How to Set Limits Without Losing Your Mind: Behavior Strategies That Make Life Easier
I have a continuing saga of Autism One posts, as I need to go through my notes in the hopes that I remember some of what I learned. Bonus for you (ok, in my head I think it’s a bonus, so let’s hope it truly is) is that I put my notes online in a post so that at least this way I can find them easily – and search them, too. There were so many sessions I attended that are applicable for all children, and this was definitely one of them. Nicole Beurkens, PhD gave a great talk about behavior and not just how we can stop what we don’t want but a lot of discussion about why it occurs in the first place.
There are many many reasons for behavior issues from: poor processing skills, poor problem solving skills, lack of (quality) sleep, overwhelmed/anxious/stressed, poor communication (understanding and speaking), illness/pain/physical issues, lack of motivation, bad mood, testing to see what will happen, and more....
Poor processing skills - these are individuals with processing problems. The brain isn't able to make sense of the information as quickly or accurately as others. It can be a host of issues, visual, auditory, etc. When your brain is slower in processing this, you get overwhelmed.
Poor problem solving skills - lacking the ability to think through “how I would solve this issue.” When plan a doesn't work, they lack the ability to think through what the next options may be.
Lack of quality sleep - There are a lot of individuals who are not getting good quality restorative sleep at night. They can't get focused or process well this way.
Overwhelmed/stressed - the more we feel this way, the more we will respond in ways that are not ideal.
Poor communication skills – whether it is receptive or expressive issues, this leads to behavior challenges.
Pain/illness/etc - This tends to be really overlooked in this population. Once they have a diagnosis of autism, everything gets locked into this box. “Oh, this is because of autism” where they have underlying medical issues.
Motivation - we have to look long and hard about what our kid are spending time doing. If they are engaged in repetitive and meaningless programs (to them), then they shut down. If there is not something to work for, that can certainly lead to frustration and behavior challenges.
Bad mood - Just like the rest of us, these kids are entitled to bad mood days.
Testing to see what happens - Of course they're going to do this.
The first step in really addressing behavior challenges is understanding the underlying reasons for this individual.

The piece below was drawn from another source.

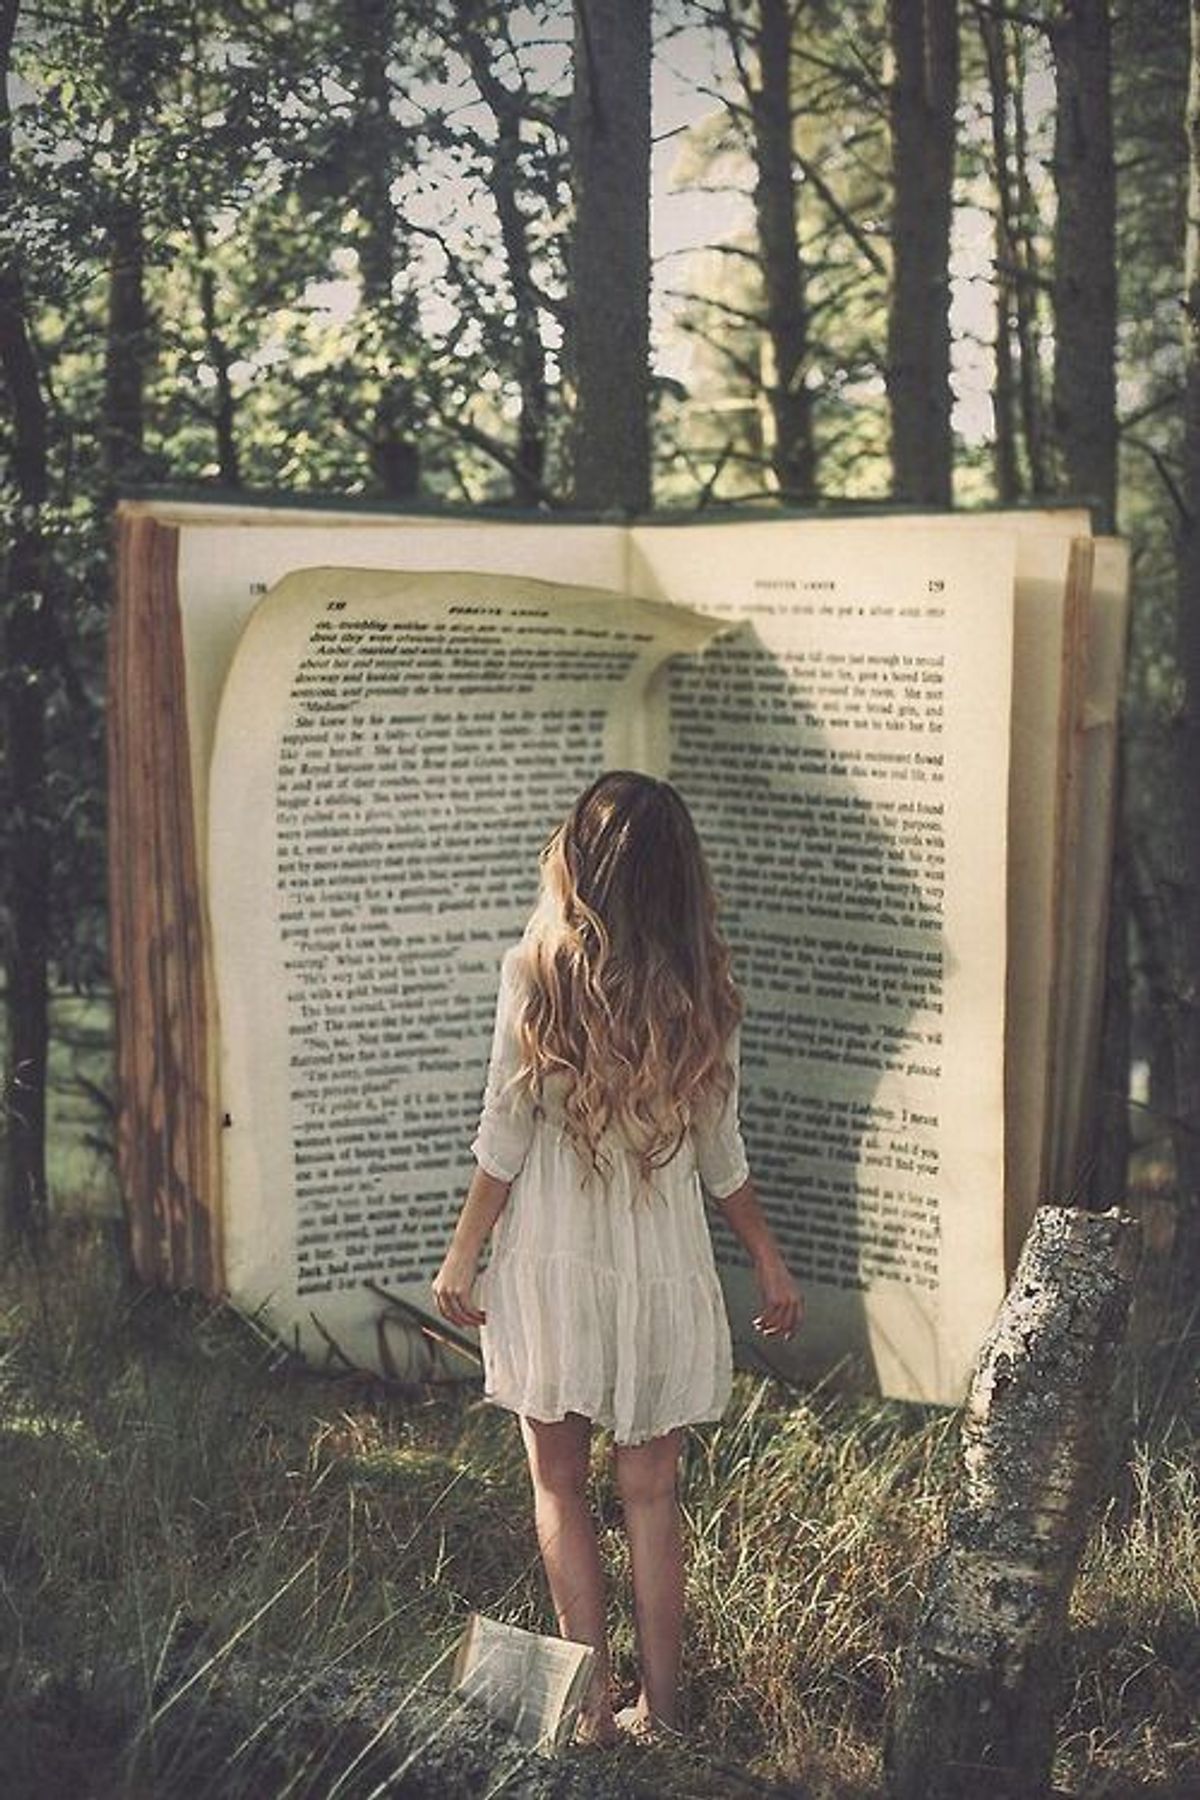 There's Just Something Beautiful About A Girl And Her Books

You hear a lot of functional behavior analysis, etc. They can be good processes but don't go far enough. a lot of times, people will say people are just doing this for attention or because they're resisting something. We often have to look at some of these other issues first before we can rule them out and move to those reasons.
Some of the biggest mistakes that parents make.
One of the biggest is becoming emotional. I'll tell you that when we as the adult begin to become emotional about the behavior, it almost becomes the kiss of death because we become involved in this spiral of death.
Taking things personally - one of the saddest initial consultations, a child who had extreme underlying medical and health issues and severe self injuries and acting out behavior. The child is very disregulated and overwhelmed with life. The dad said "she just hates me" - it was important to acknowledge that he felt that way, and it gives the opportunity to talk about the challenges they have are not personal attacks against us as parents, though it can feel that way at times.
Inconsistent expectations - Sometimes parents and staff will expect a lot from a child in one environment and not in another. The bar is sometimes held at one level one day and another another day. This creates confusion in the child over what the expectation is. She is a very firm believer in high expectations for every child in every situation. Every child can be a little bit better tomorrow and the next day - with support to reach those. "Better" looks different for every child.
Inconsistent responses - One day things are ok, and the next day we clamp down on it. This often comes up with dads who are a laid back guy and things are going ok and it doesn't bother them and then they lose it. You go from no response to lowering the hammer. By consistently responding to inappropriate or challenging behaviors, this helps the child respond to what is not appropriate and also helps children keep themselves regulated.
Ineffective communication - talking abut more effective communication strategies to get through the child. Not every child will understand reasoning and not in every situation. Once they go past a certain point, even the most even-tempered child can’t understand what you’re saying when they’re in the midst of that meltdown. Getting the right communication that is effective for your child is key.
Rule 1 - Stay calm
If you are not emotional and behaviorally regulated, then your child will not be either. Keep a calm but firm voice and presence. Stay in the here and now. Speak and move slowly to give yourself time to think. Many of these are very simple strategies, and nothing you haven't heard before. Just because something is simple doesn't mean it's easy to do. Stay calm definitely fits there. If adults can't master staying calm in the face of a child's disregulation, nothing else is going to be effective. Part of that is because we provide a model to the child in those moments. It shows what needs to happen in that moment. If they get worked up and we get worked up right along with them, no one is steering the ship and showing how to stay calm and regulated.
Some tools to help do this: Keep a very calm voice and presence. It's almost like the more loud and frantic a child is getting, the more you do the opposite. The more you get quiet and soft and slow because competing with the loud child is not going to provide an environment for the child to calm down. It is important to be firm, as this is not just wimping out.
It's also important to stay in the here and now. Parents say that it goes through their heads like "what if they're 18 and still doing this" and suddenly in that moment you are living 20 or 30 years down the pike, and that's getting you even more worked up because now the situation with a 3 or 7 year old has taken you to a place a fear and anxiety. It's important to stay in the here and now and focus on what's going on in front of you and not allowing your mind to skyrocket into the future and have the heart rate go up, panicking in the what if mode.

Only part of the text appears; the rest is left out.